LocalStorage (like the DNT UGE mechanism) is useless for most audience
measurement, since we are not allowed to use JS on most websites.  That
limitation also means that the cap-exceeded determination cannot be made
client-side.  The server has to make the determination.  This is going to
require a unique identifier.  

BTW, I *completely* understand the prohibition against such 3rd-party JS.
If I were running an "important" website (as opposed to the trivial ones
that I run in my spare time), I would not allow random strangers to inject
their JS into my site, with the potential of doing all kinds of negative
things to my user experience.

 

--ronan  

 

On Thu, Jul 18, 2013 at 10:29 AM, Mike O'Neill <michael.oneill@baycloud.com>
wrote:

Hi Ronan,

 

I was just addressing the unique visitor requirement mentioned by Kathy,
frequency capping will need other methods but still does not need to rely on
unique identifiers.
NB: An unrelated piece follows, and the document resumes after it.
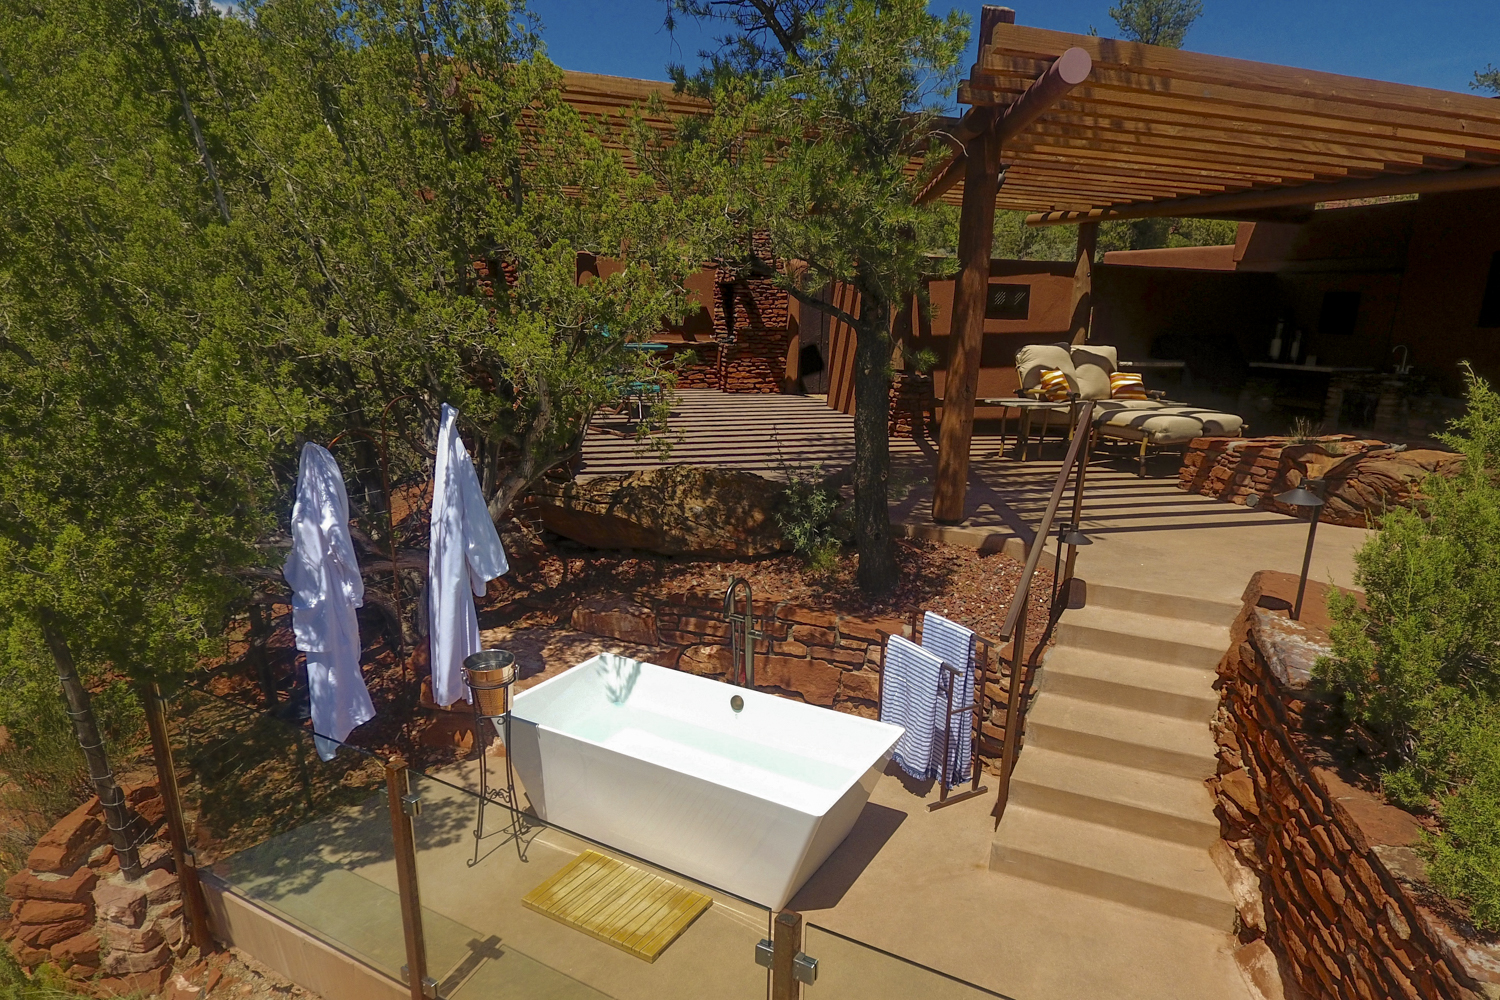 this luxury sedona vacation rental is like a personal resort for two dcim100mediadji 0071 jpg

For example script could maintain a count in
localStorage then signal a count overrun using a session cookie.

 

Mike

 

From: Ronan Heffernan [mailto:ronansan@gmail.com] 
Sent: 18 July 2013 14:39
To: Mike O'Neill
Cc: Tracking Protection Working Group WG
Subject: Re: issue-25

 

Mike,

   That solution might work if "frequency capping" were always set to limit
each user to 1 exposure.  However, that is not the case.  Let's say that the
frequency capping requirement in a contract says that each device should be
showed the same piece of content no more than 7 times in a 9-month period.
Counting how many times that device was offered that content cannot really
be done with the cache mechanism that you suggest.

--ronan

 

On Thu, Jul 18, 2013 at 9:21 AM, Mike O'Neill <michael.oneill@baycloud.com>
wrote:

In the last call there was some discussion on irc about mechanisms to detect
unique visitors to a web page without using a persistent UID (in the context
of audience measurement but it could also be for third-party web analytics).

 

Maybe one way to do that is to filter out UAs that have not visited a page
for less than an arbitrary duration, say 1 week or 1 year. The mechanism
could be to use the existing Last-Modified/If-Modified-Since caching
handshake. The idea is to use this to tell the server the last time this
user agent visited a particular page. The server can then recognise unique
visitors as those that had not visited the page for some arbitrary period.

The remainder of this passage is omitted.